US 12,259,934 B2
Machine-learning-aided automatic taxonomy for web data
Rohit Kewalramani, Pune (IN); and Justin Chien, Campbell, CA (US)
Assigned to 6SENSE INSIGHTS, INC., San Francisco, CA (US)
Filed by 6SENSE INSIGHTS, INC., San Francisco, CA (US)
Filed on Feb. 6, 2024, as Appl. No. 18/434,693.
Application 18/434,693 is a continuation of application No. 17/828,910, filed on May 31, 2022, granted, now 11,914,657.
Claims priority of provisional application 63/195,566, filed on Jun. 1, 2021.
Prior Publication US 2024/0176827 A1, May 30, 2024
This patent is subject to a terminal disclaimer.

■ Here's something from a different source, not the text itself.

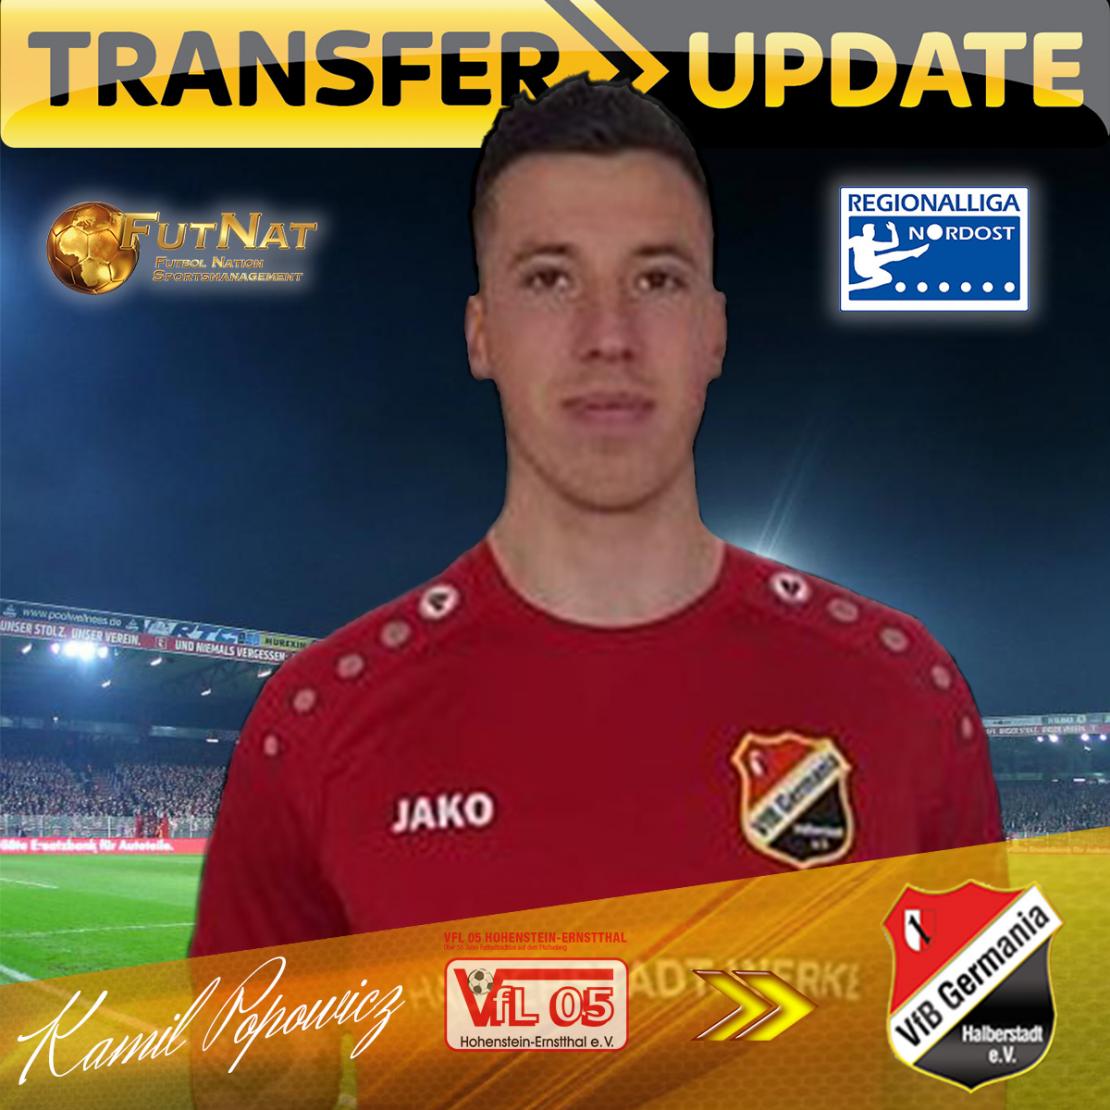 Kamil Popowicz swaps into Regionalliga Nordost

Int. Cl. G06F 16/00 (2019.01); G06F 16/951 (2019.01); G06F 40/205 (2020.01); G06N 3/04 (2023.01); G06N 3/082 (2023.01)
CPC G06F 16/951 (2019.01) [G06F 40/205 (2020.01); G06N 3/04 (2013.01); G06N 3/082 (2013.01)] 20 Claims
OG exemplary drawing
 
1. A method comprising using at least one hardware processor to:
during a training mode, train a model to predict a class, from a plurality of classes in a taxonomy of web-based activities, based on a training dataset that comprises a plurality of annotated features, wherein each of the plurality of annotated features comprises one or more features, which have been derived from one or both of a uniform resource locator (URL) of an online resource or metadata associated with that online resource, and a ground-truth class assigned to those one or more features; and,
during an operation mode,
acquire web data comprising one or more activity records, wherein each of the one or more activity records comprises a URL of an online resource that was accessed by a visitor, and metadata associated with that online resource, and,
for each of the one or more activity records,
extract a set of one or more features from one or both of the URL or the metadata in the activity record,
apply the trained model to the set of one or more features to predict a class, from the plurality of classes in the taxonomy, that is associated with the set of one or more features, and
store the predicted-class in association with the URL in the activity record.